Amazon investigates after anti-vaxxer leaflet found hidden in children's book

Concerns have been raised that the anti-vaccination movement is targeting children via Amazon warehouses, after a Hampshire mother found a leaflet condemning the HPV vaccine tucked inside a children’s book she had purchased from the online retailer.

Lucy Boyle bought Ali Sparkes’ Night Speakers along with several other novels as a birthday present for her 12-year-old son at the start of April. He began reading the novel last week, “got a few pages in, turned over the page and there was the leaflet,” she told the Guardian.

The leaflet warns readers that boys and girls are being offered the HPV vaccine in schools, stating that it is “causing injury, infertility, paralysis … ovarian failure and death, amongst other conditions”. The vaccine protects against human papillomavirus (HPV), which causes most strains of cervical cancer. Since routine HPV vaccination of 12- and 13-year-old girls was introduced in the UK in 2008, there has been a dramatic fall in the cervical disease that can lead to cancer.

Boyle said her son “came downstairs saying: ‘What is this, isn’t this the jab I’m going to have at school?’ He was worried as he had read the leaflet and knew he was going to have the jab.”

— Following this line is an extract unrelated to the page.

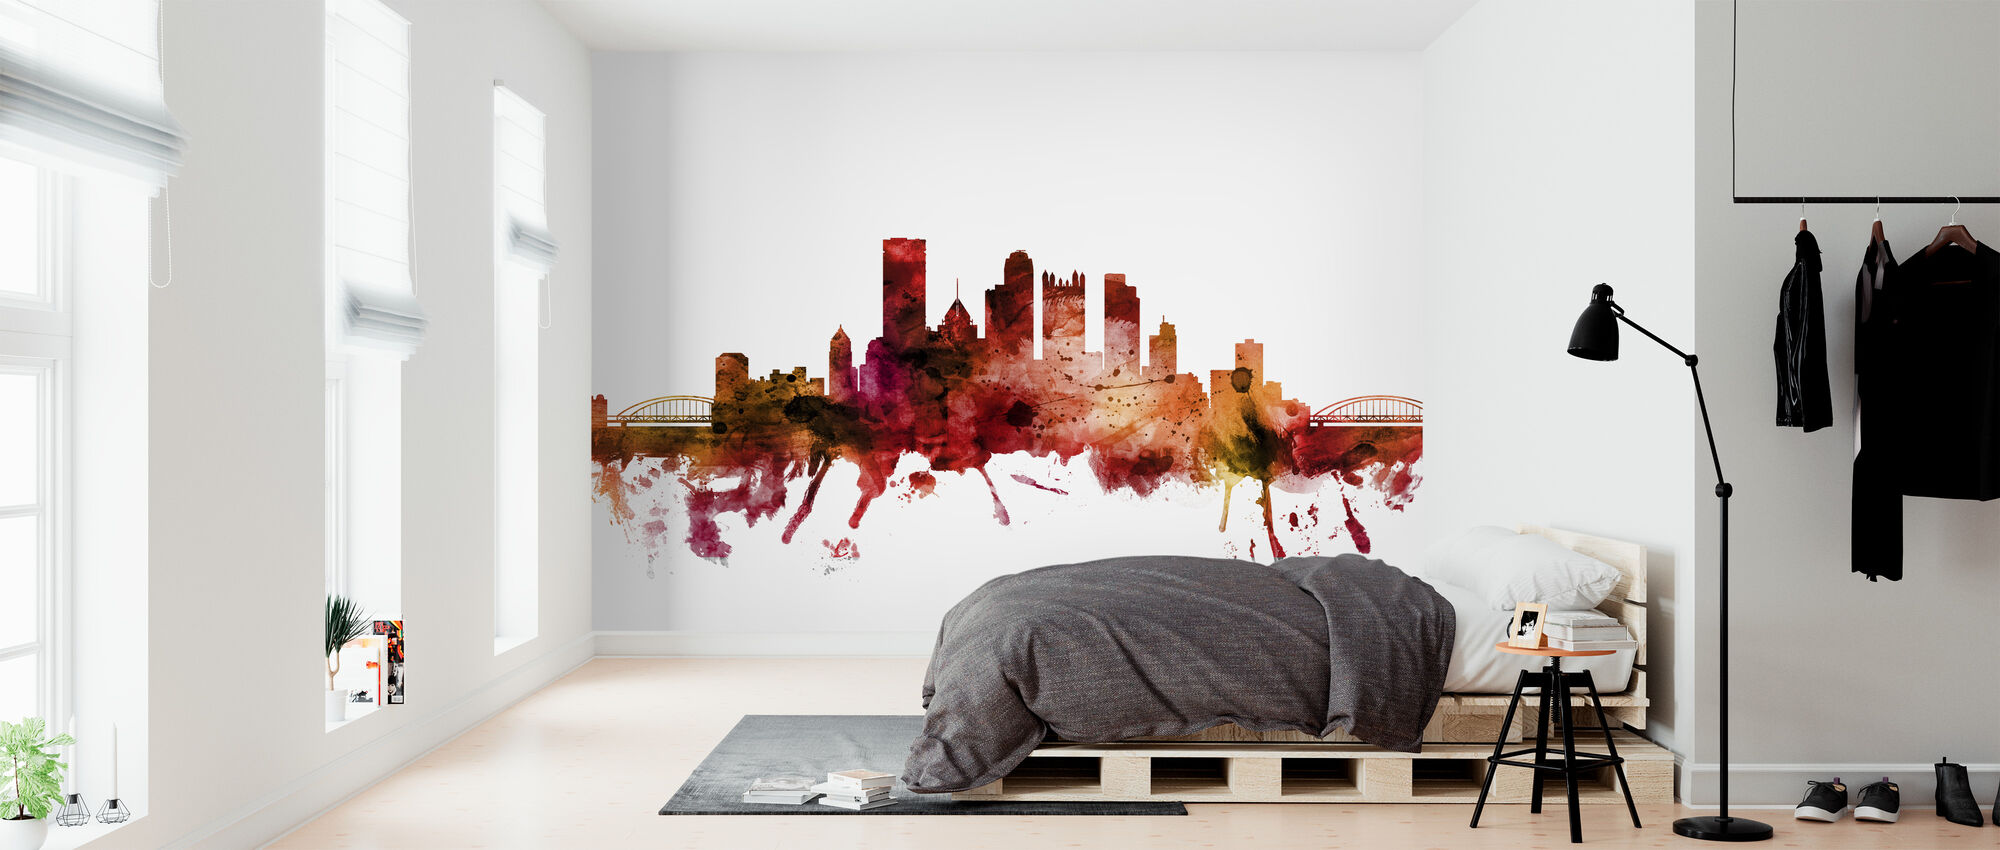 Pittsburgh Pennsylvania Skyline - Wallpaper - Bedroom

An anti-vaccination leaflet that was discovered tucked inside a children’s book by mother Lucy Boyle, who had ordered several books from Amazon for her young son.

The reverse of the leaflet. Photograph: Lucy Boyle

“I was just about to bin it when I thought: ‘Hold on a minute, that was quite targeted, it will have been put knowingly into a book read by 11- to 14-year-olds,’” she said. “That’s not targeting the parents, that’s targeting the children. It really left a bad taste in my mouth.”

She contacted both Amazon and the book’s publisher, Oxford University Press, eventually managing to speak to one of Amazon’s executive customer relations managers on the phone. He apologised, said the retailer would launch an investigation, and offered Boyle a gift card. In an email seen by the Guardian, an Amazon representative wrote to Boyle: “I am very sorry to hear about the negative experience you have had with the order for your son. Especially considering this was a children’s book and he is due to receive the vaccine soon.”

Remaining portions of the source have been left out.